(Exercise instructions): What is needed is an exact reproduction of the listing, without its pictures.

(Data below):
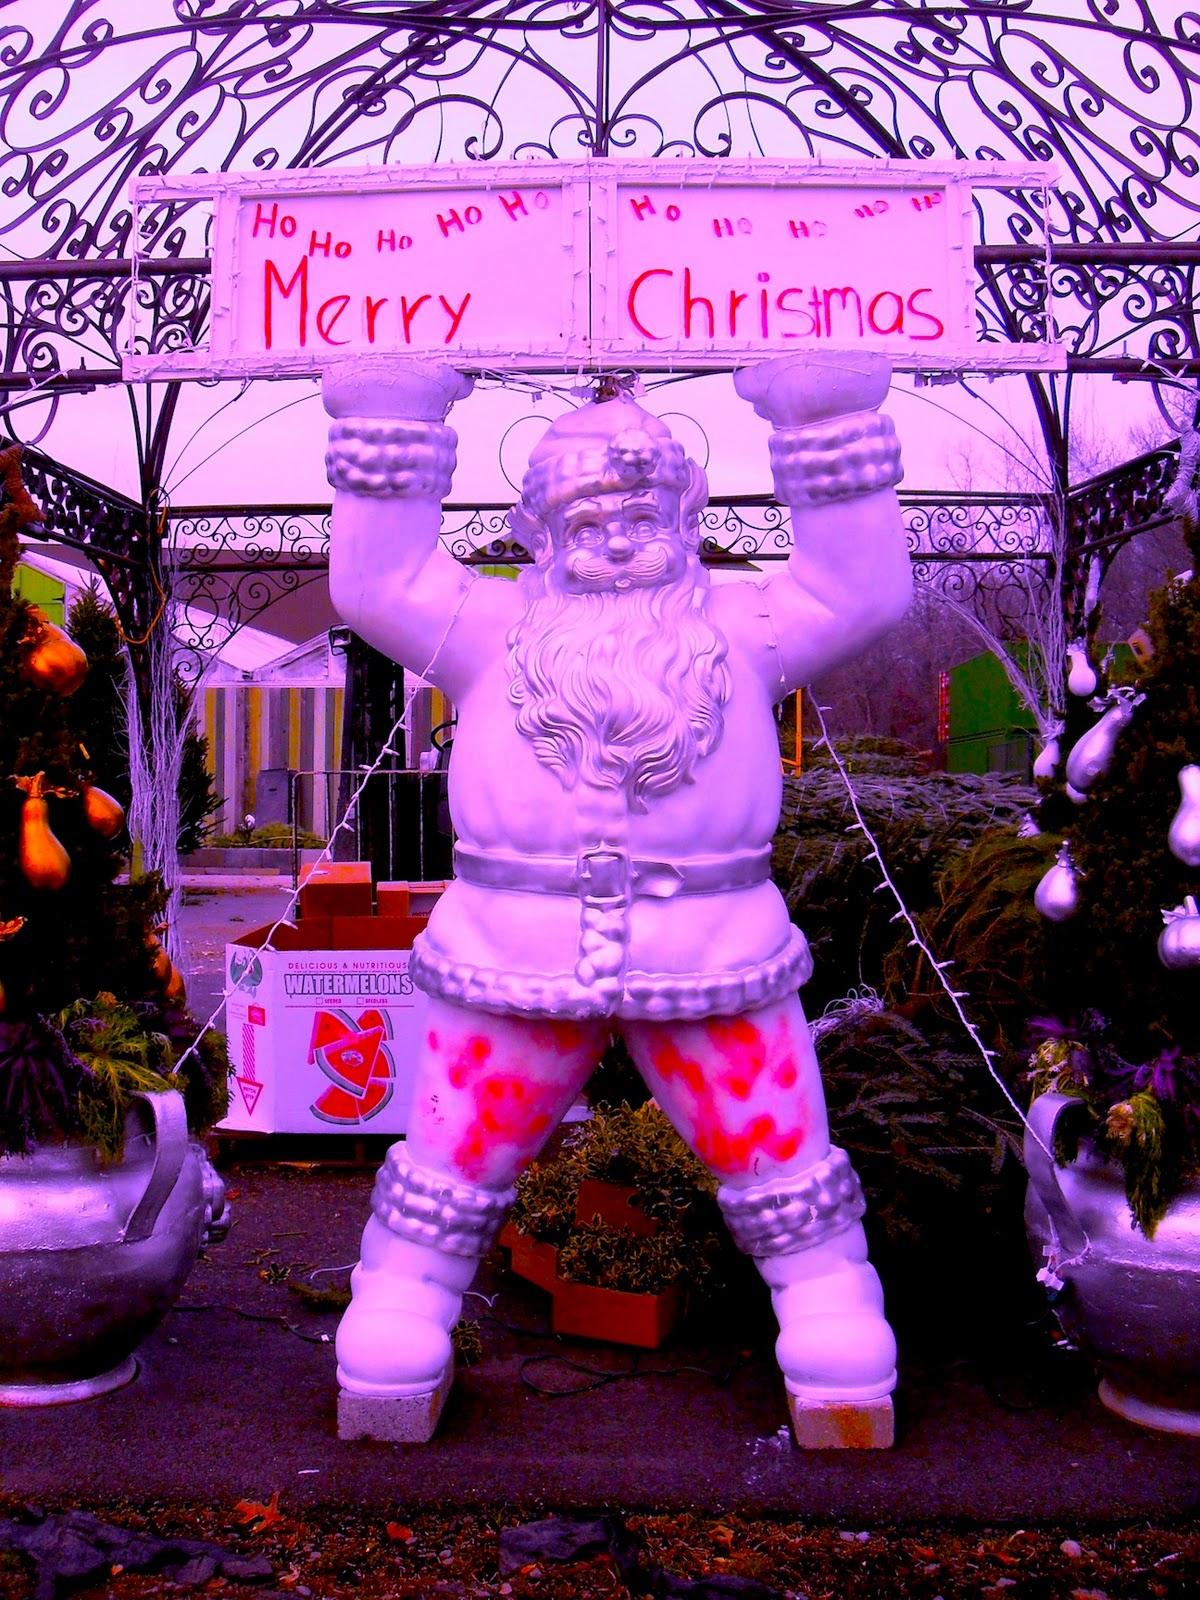 http://1.bp.blogspot.com/_n5KMEaGMNoA/TQTCNkiXOuI/AAAAAAAACsA/rYllbSWiqPo/s1600/Dragonfly+Farms+HAMILTON+NEW+JERSEY+Christmas+Decorations+I.JPG
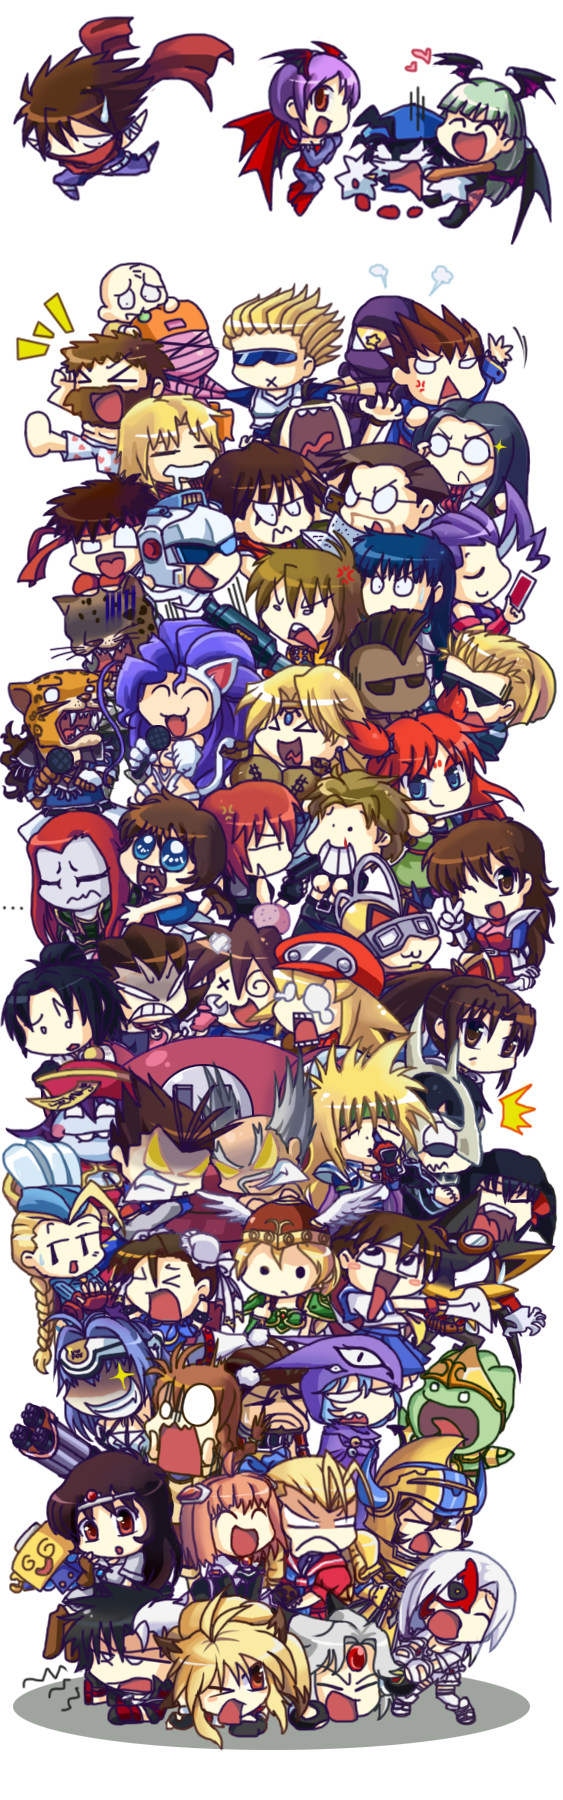 Namco X Capcom Chibis Bundle by PhuiJL
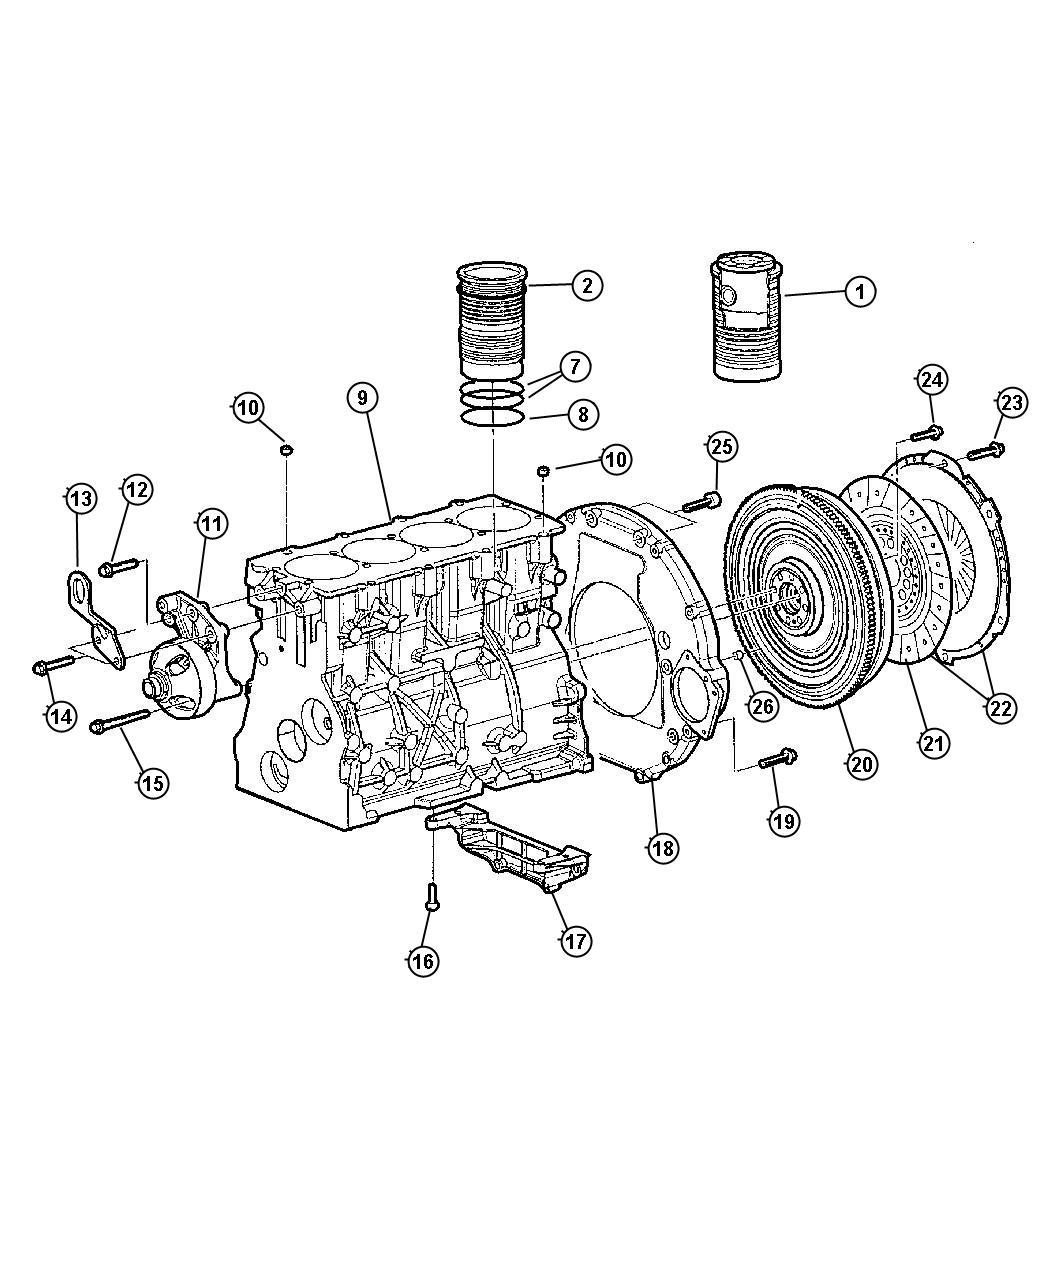 Jeep Wrangler Flywheel
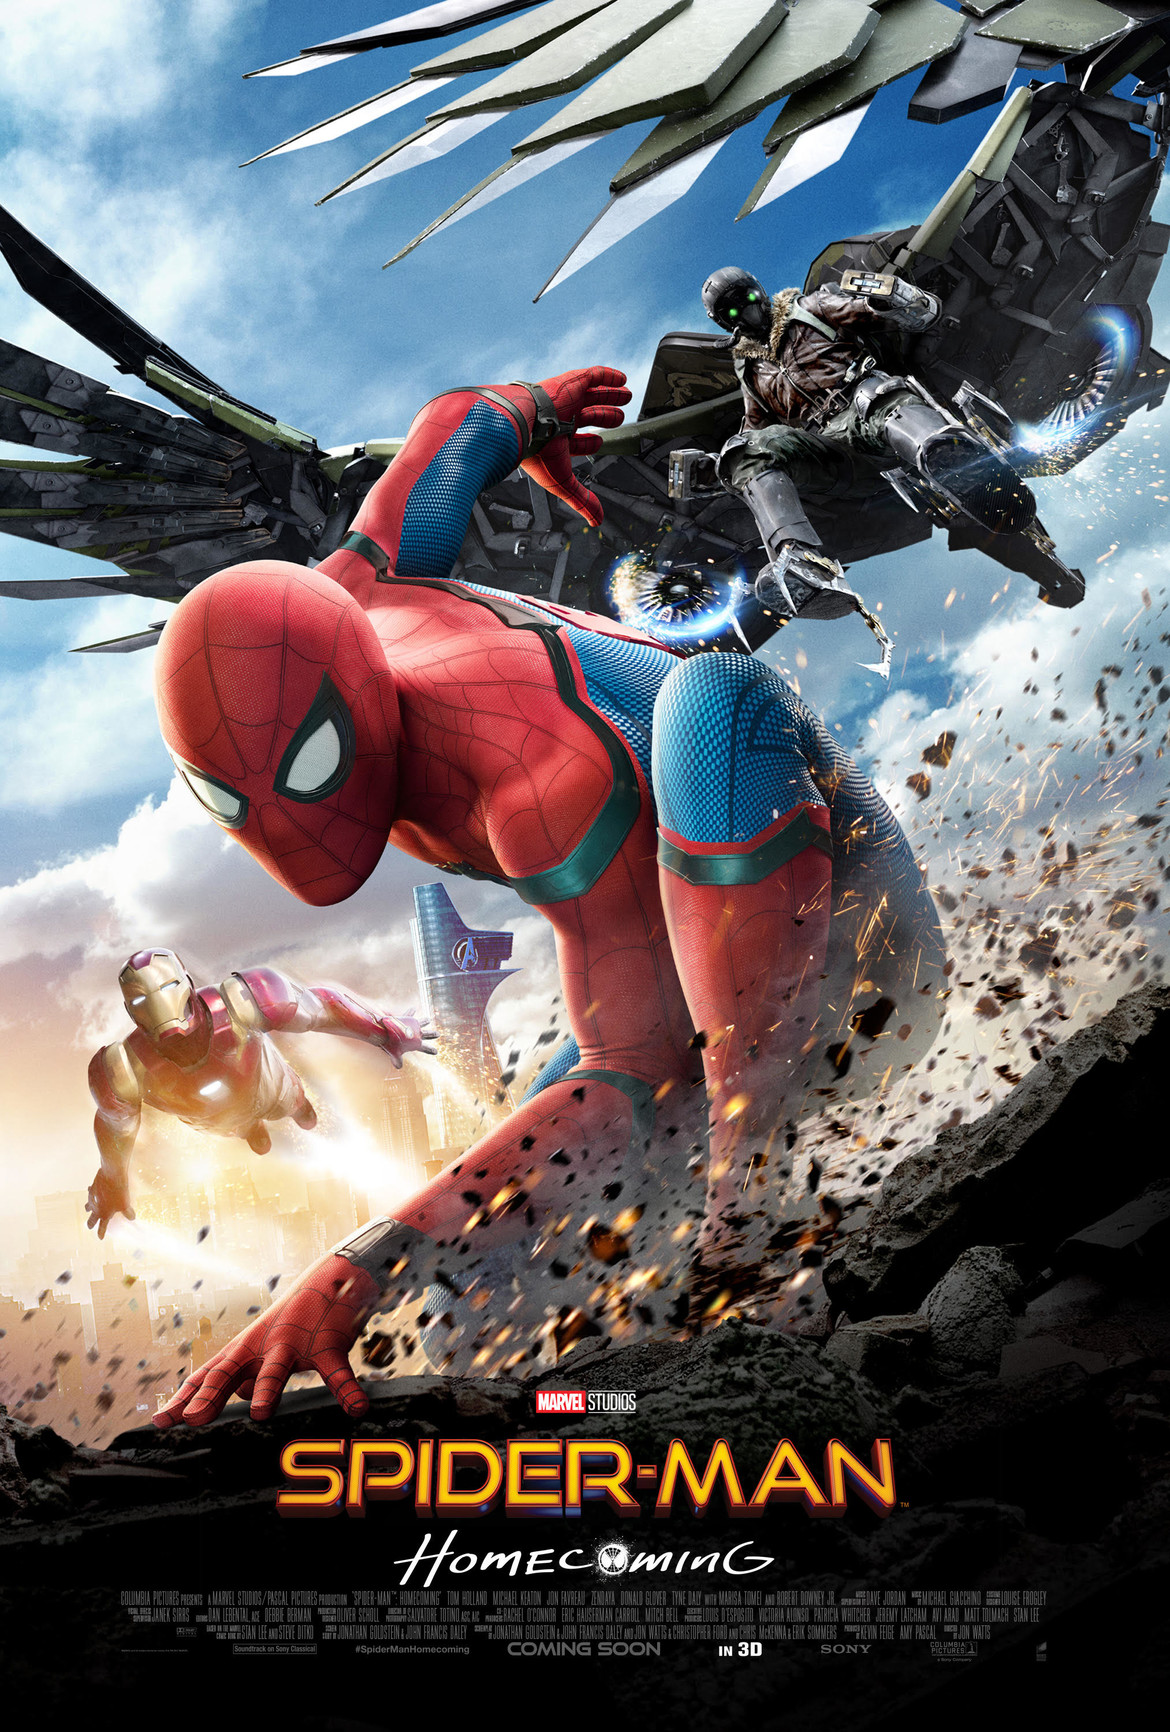 spider-man-2-homecoming-poster-2.jpg

(The answer):
 http://1.bp.blogspot.com/_n5KMEaGMNoA/TQTCNkiXOuI/AAAAAAAACsA/rYllbSWiqPo/s1600/Dragonfly+Farms+HAMILTON+NEW+JERSEY+Christmas+Decorations+I.JPG
 Namco X Capcom Chibis Bundle by PhuiJL
 Jeep Wrangler Flywheel
 spider-man-2-homecoming-poster-2.jpg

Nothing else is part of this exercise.